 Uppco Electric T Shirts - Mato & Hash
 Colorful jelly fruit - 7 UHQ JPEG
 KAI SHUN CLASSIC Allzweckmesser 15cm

...

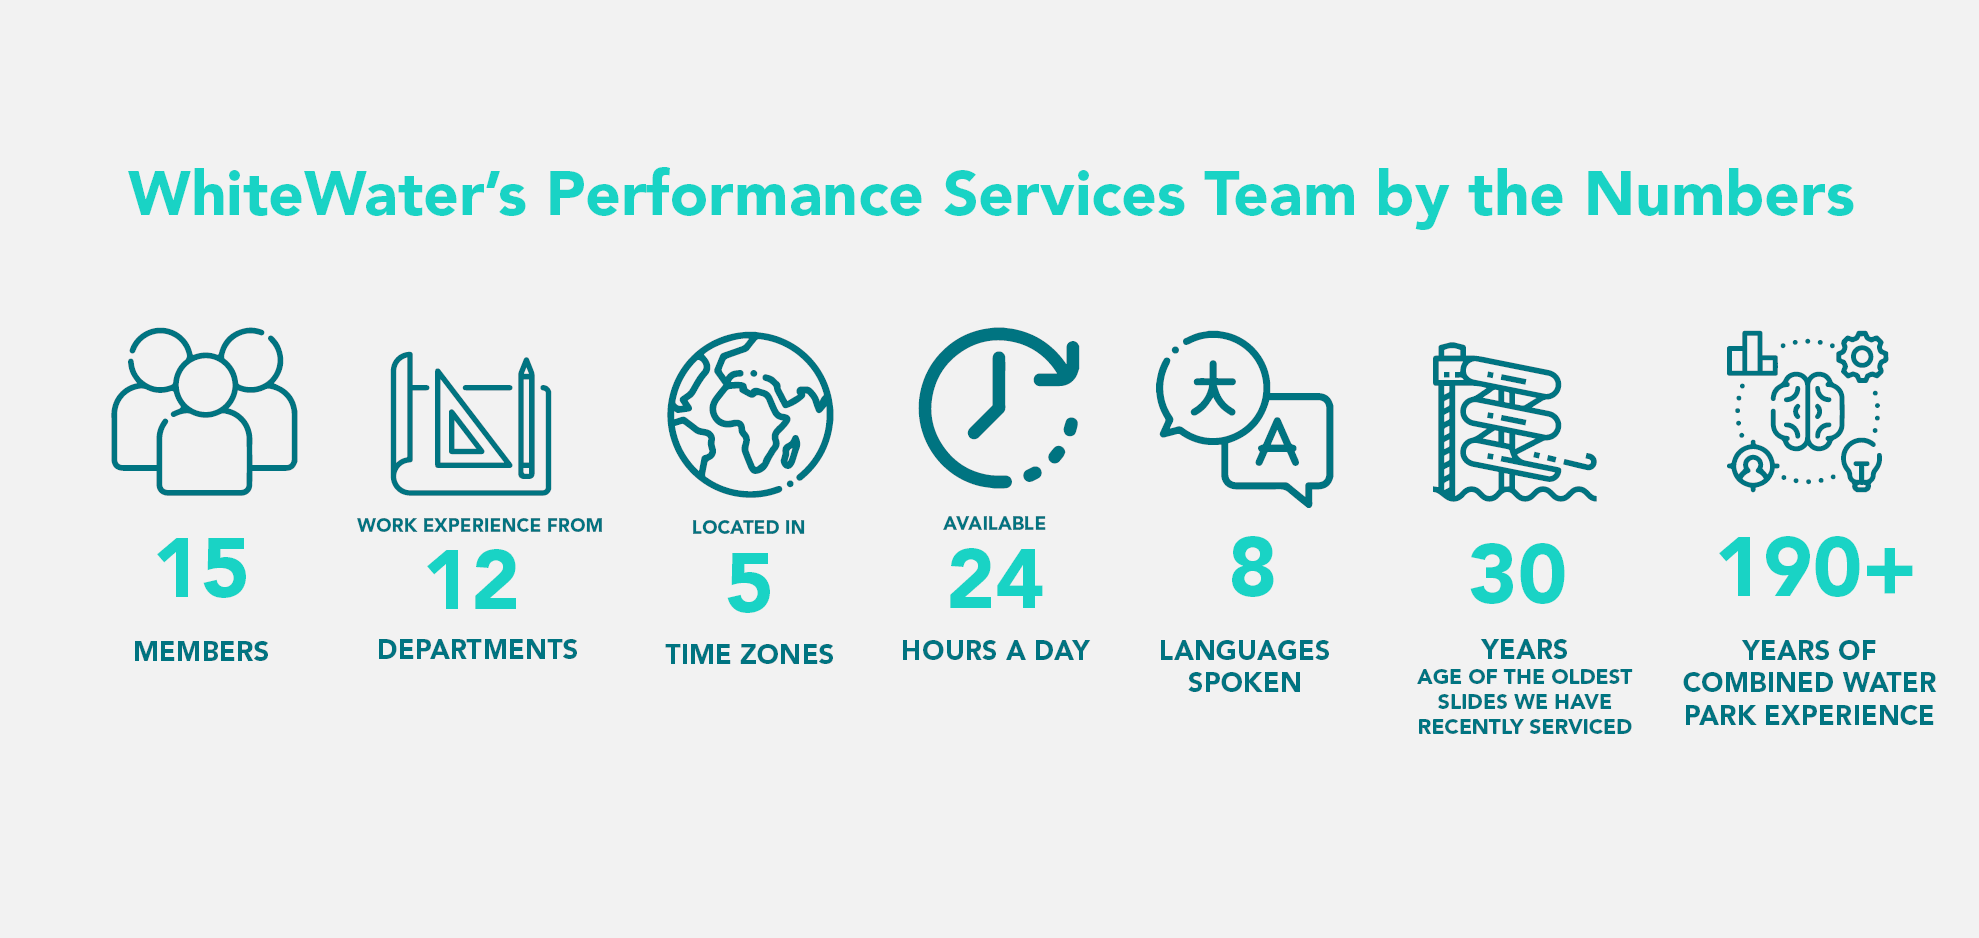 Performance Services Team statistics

...

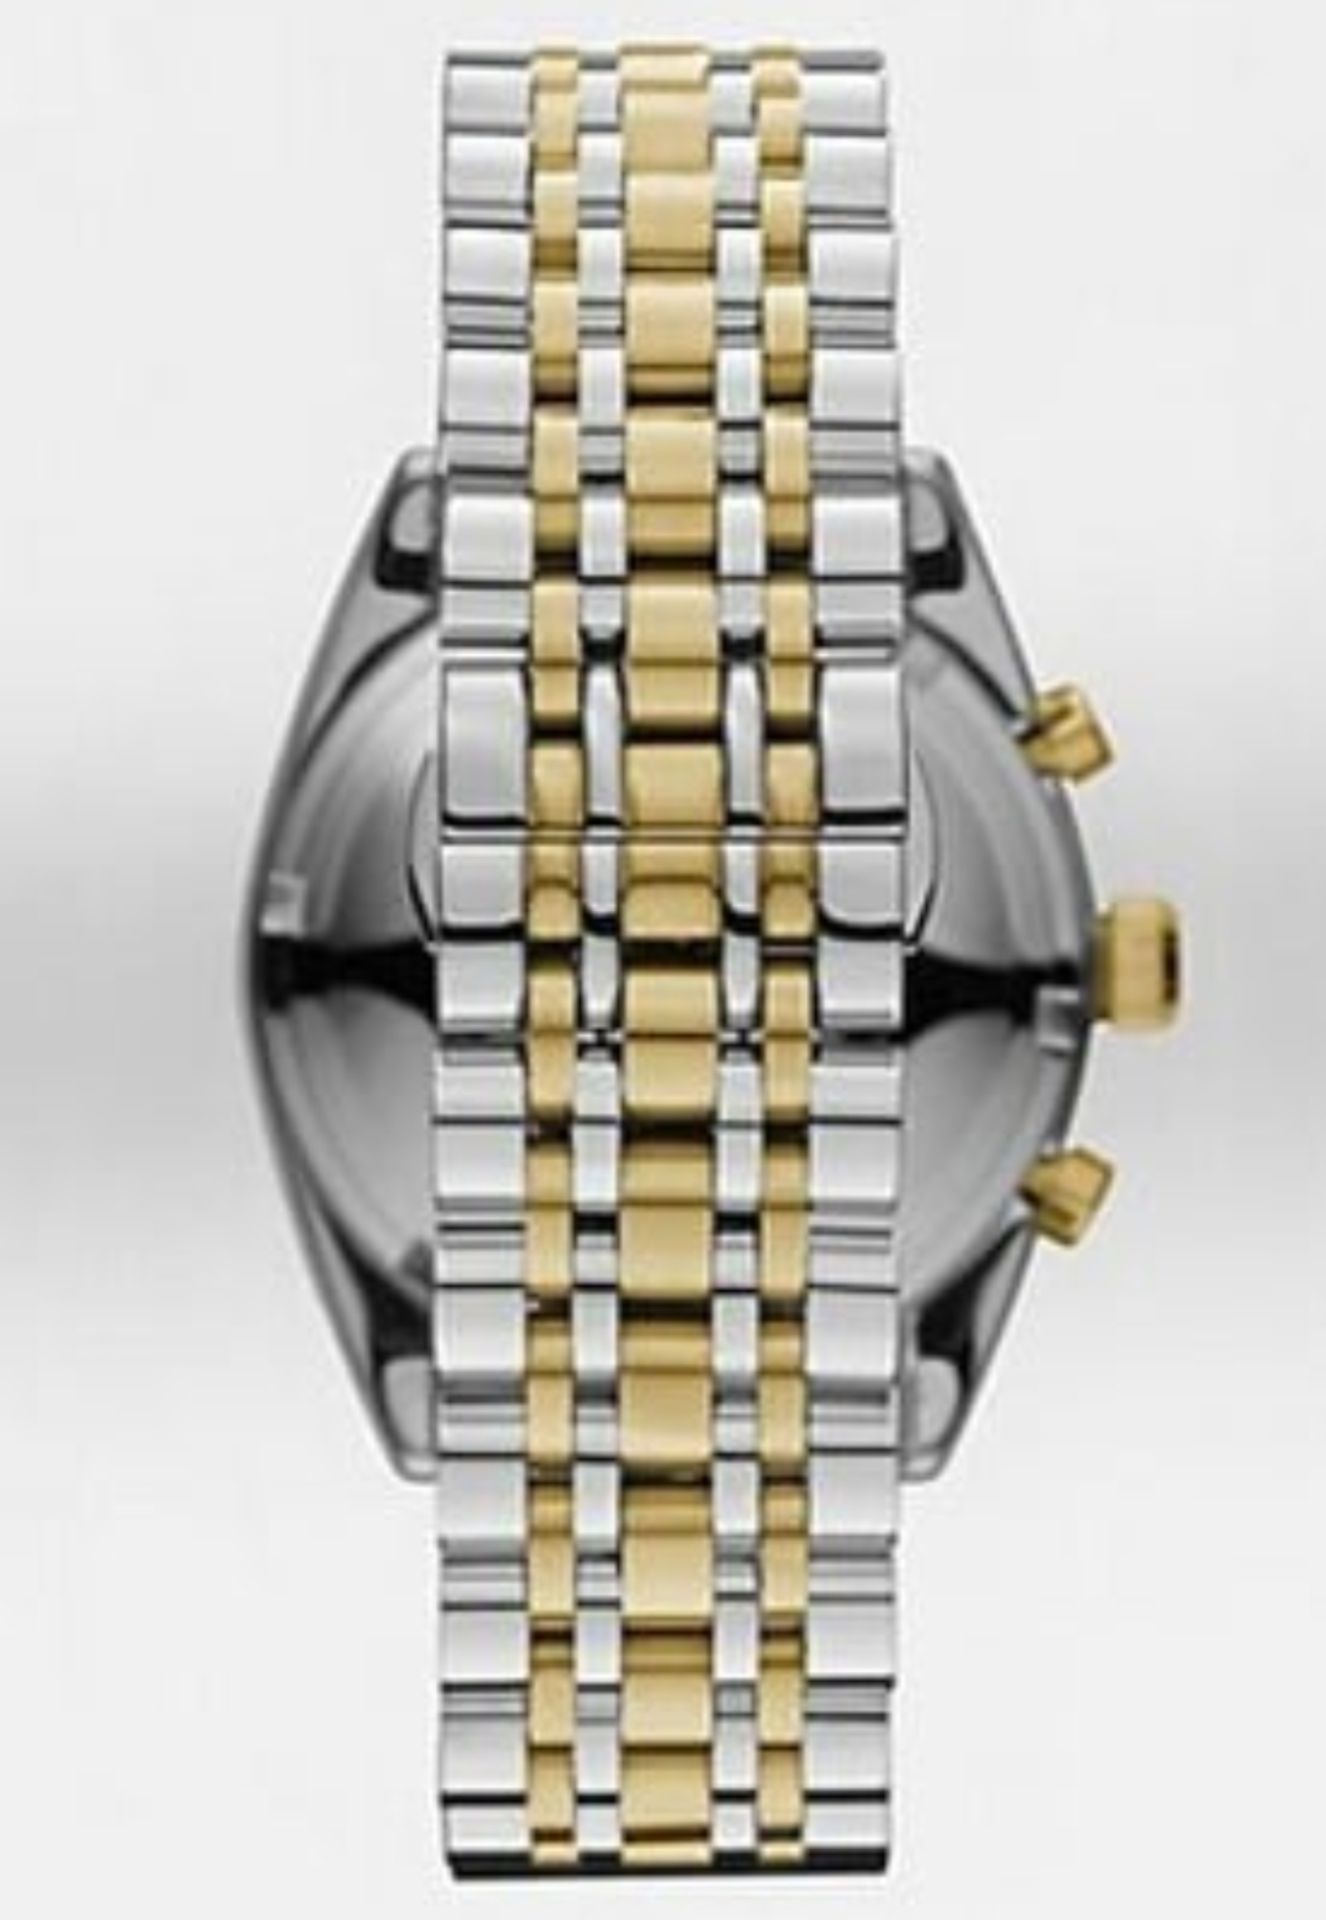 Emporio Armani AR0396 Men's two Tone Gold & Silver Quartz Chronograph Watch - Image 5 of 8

= Exercise objective =
Out of the material above, output word for word the line with "Uppco Electric T Shirts - Mato & Hash", the line with "KAI SHUN CLASSIC Allzweckmesser 15cm", and all lines between them, with nothing else.

= Finished exercise =
 Uppco Electric T Shirts - Mato & Hash
 Colorful jelly fruit - 7 UHQ JPEG
 KAI SHUN CLASSIC Allzweckmesser 15cm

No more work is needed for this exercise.